However, for the interest of fulfilling the model’s criteria and principles of being concise yet straightforward, a less complicated and all-inclusive model is necessary [36,37]. That is, the triangle model by Munasinghe [21]) is showcased below. Furthermore, by presenting the categorisation of similar components into few concepts, the previous extended version of the model structure of Figure 6, generalised into this triangle-shaped model, is shown in Figure 7 below.
Below are the descriptions of the triangle model regarding the structure (components) and the links and processes involved. The relevant elements of the micro/focal structure are: (a) The institutional environment; (b) the institutional arrangement- POS governance system; (c) the market-POS behaviour; and (d) the POS quality and sustainability outcome. Besides, there are several elements, act as external or macro factors, such as (e) the related and broader political, economic, social settings and a related ecosystem. These macro settings, which encapsulate the focal context of the triangle circles (interior elements) with the dashed line may determine the latter changes and vice versa.
Therefore, to bridge and reconcile the terminologies used in the two different validated models forms, namely Figure 6 and Figure 7, the similarities they have in common were described. That is the questions of how are those terms used in the generalised structure explaining and accounting for the main variable (parameter), and ideas and theories formed in the extended version were addressed. Finally, for the practicality and usefulness of the model in the local setting, its operationalisability and operationalisation process are also explained below.
I. Institutional environment:
As a part of the institutional design, within this component that acts as a prime mover, there are numerous elements similar to the extended model (Figure 6). The institutional system includes the existing supreme law- Federal Constitution and Sabah’s local institutions: The Town and Country Planning Ordinance (TCPO), the Local Government Ordinance (LGO), and the Sabah Land Ordinance (SLO), bylaws, regulations, the Modified Torrens System, public policies and practice. The local matters include the issues of POS title deed issuance, publicness of POS, the existence of community assistance, transfer of title, POS site handing over, etc. As Musole [38] stated, such ‘institutional environment’, as a macro-analytic perspective, encapsulates property rights and institutional change. For instance, changes in the existing law or new adaptive laws/policies adoption should be made in order to steer the property regime towards self-governing collective action.

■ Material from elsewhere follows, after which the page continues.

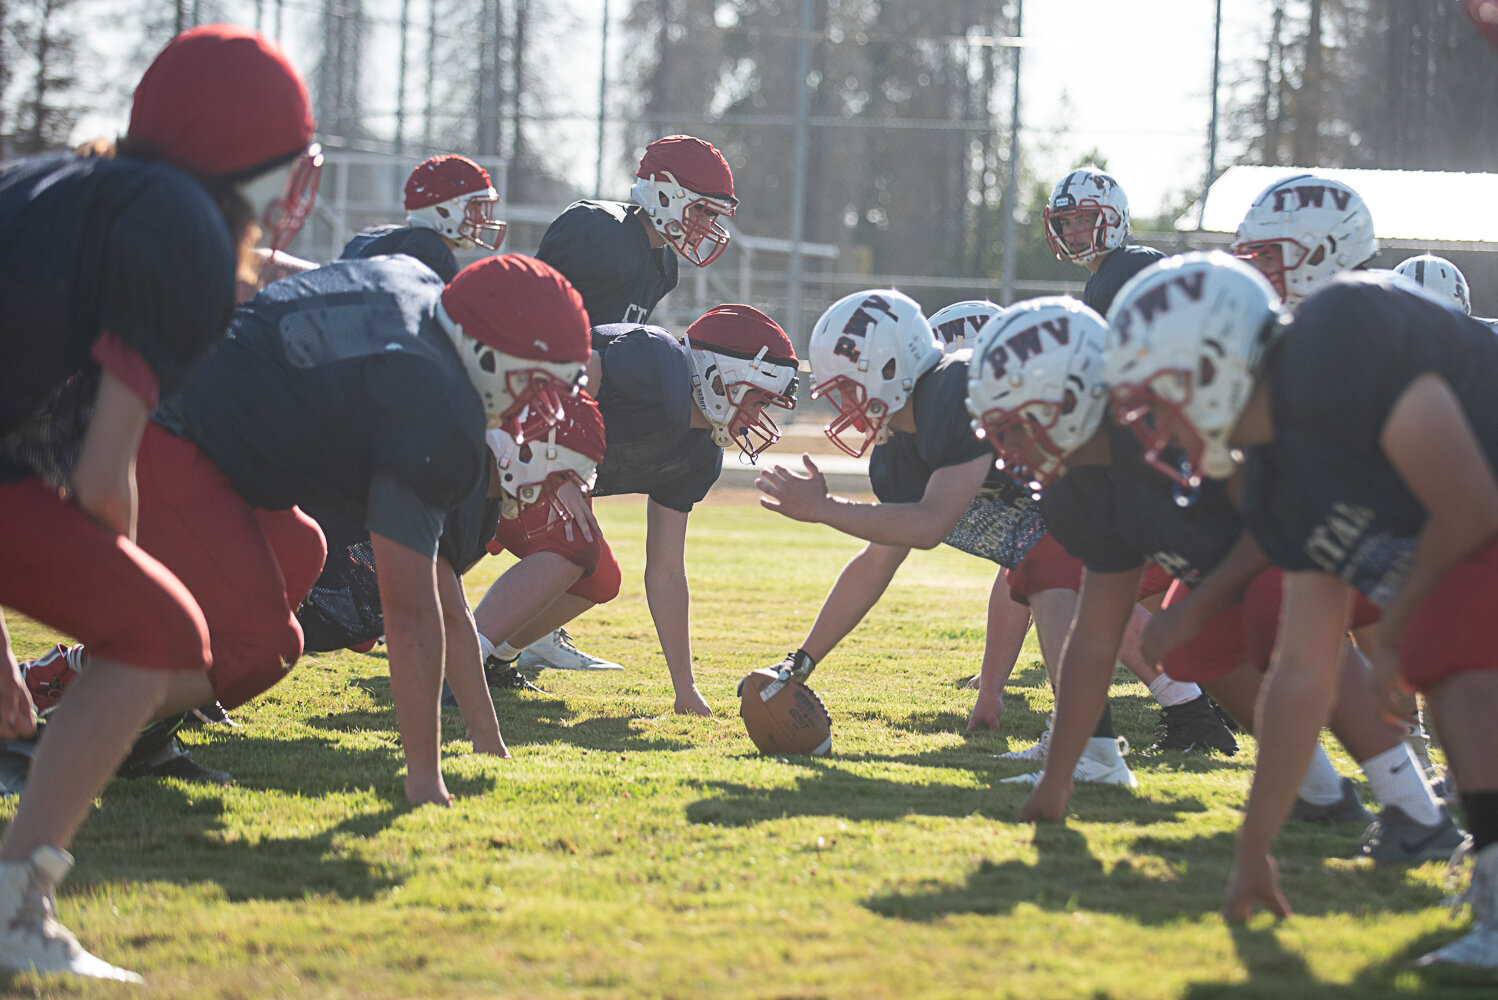 The offense and defense line up before a play during an 11-on-11 session of PWV's practice on Aug. 19, only differentiated by the red helmet caps worn by the defense.
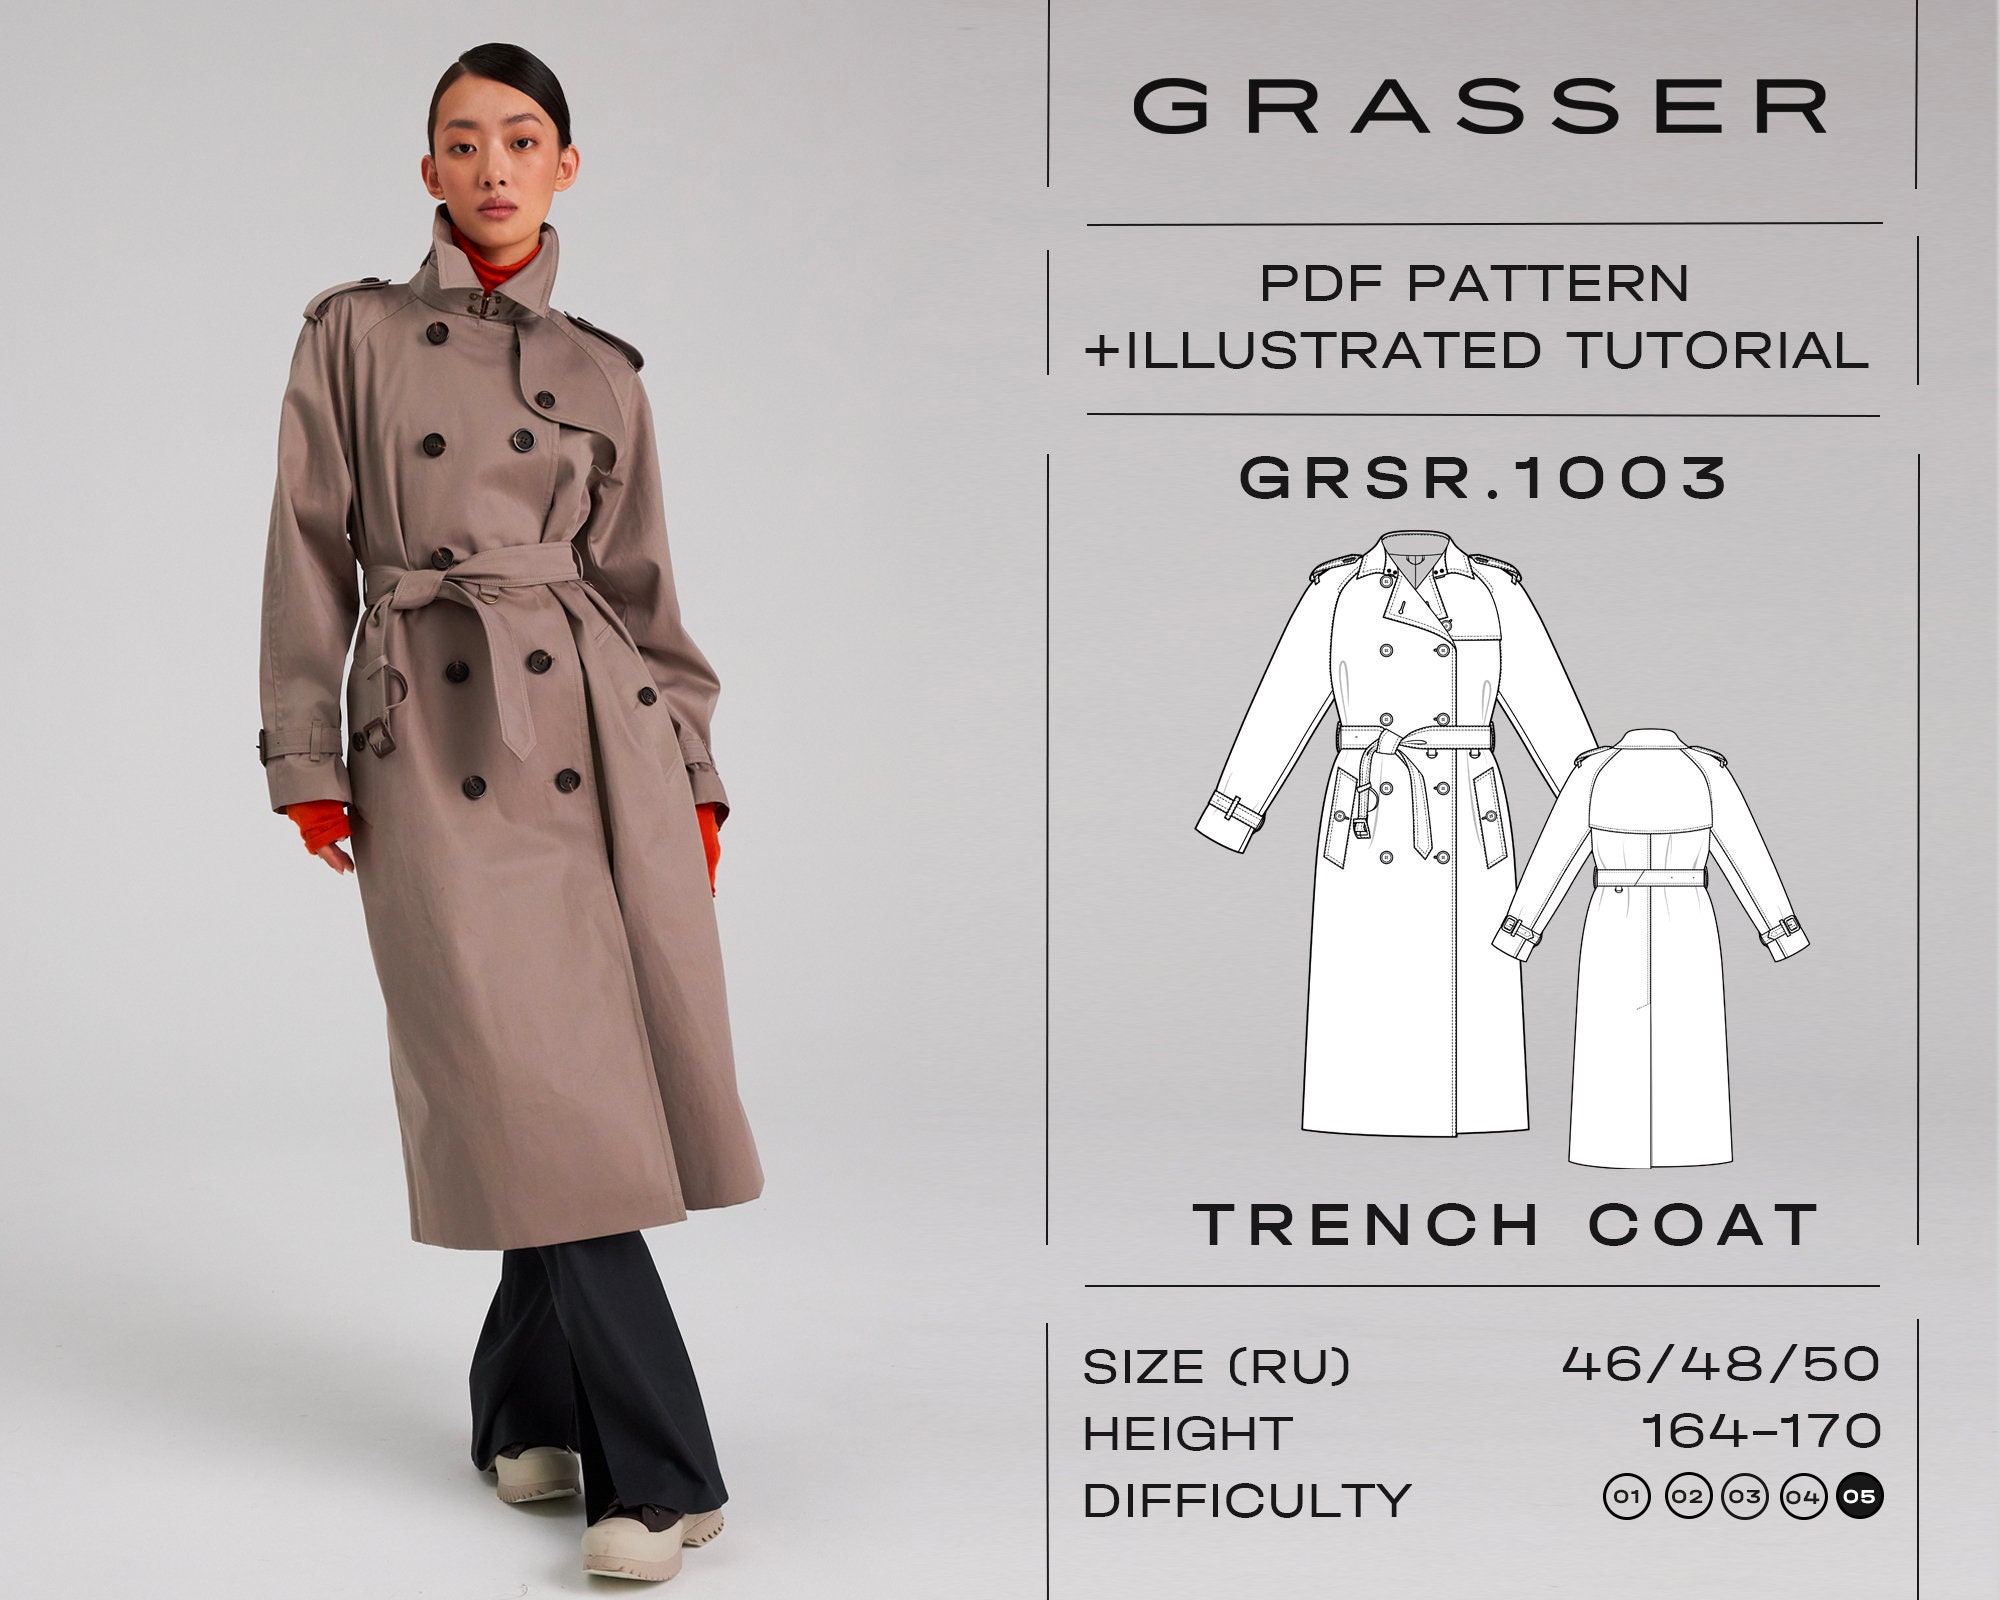 Introducing the Chilton Trench Coat: a curvy and plus size coat

II. Institutional arrangement-POS governance system:
Similar to the institutional environment, such governance or order system in POS is part of institutional design or framework. More precisely, as Musole [38] posited, it is considered as an institutional arrangement or system (micro-analytic perspective). The institutional arrangement matters cover and revolve around the property rights structure (e.g., the allocation of ownership and management regime, such as common-property-regime via the homeownership association and contractual system), as well as its rights issues (e.g., attenuation and incompleteness of rights). Besides, transaction costs and (perverse) incentives distribution in implementing such public domain governance, e.g., high transaction costs in enforcing management, maintaining and monitoring duties of POS are part of the micro institution system. One can notice that the proposed institutional property regime re-alignment to the self-governing system, which resembles the second last part of the extended model, can be deemed the governance system of POS as it can curb the abovementioned property rights issues and high perverse incentives and transaction cost.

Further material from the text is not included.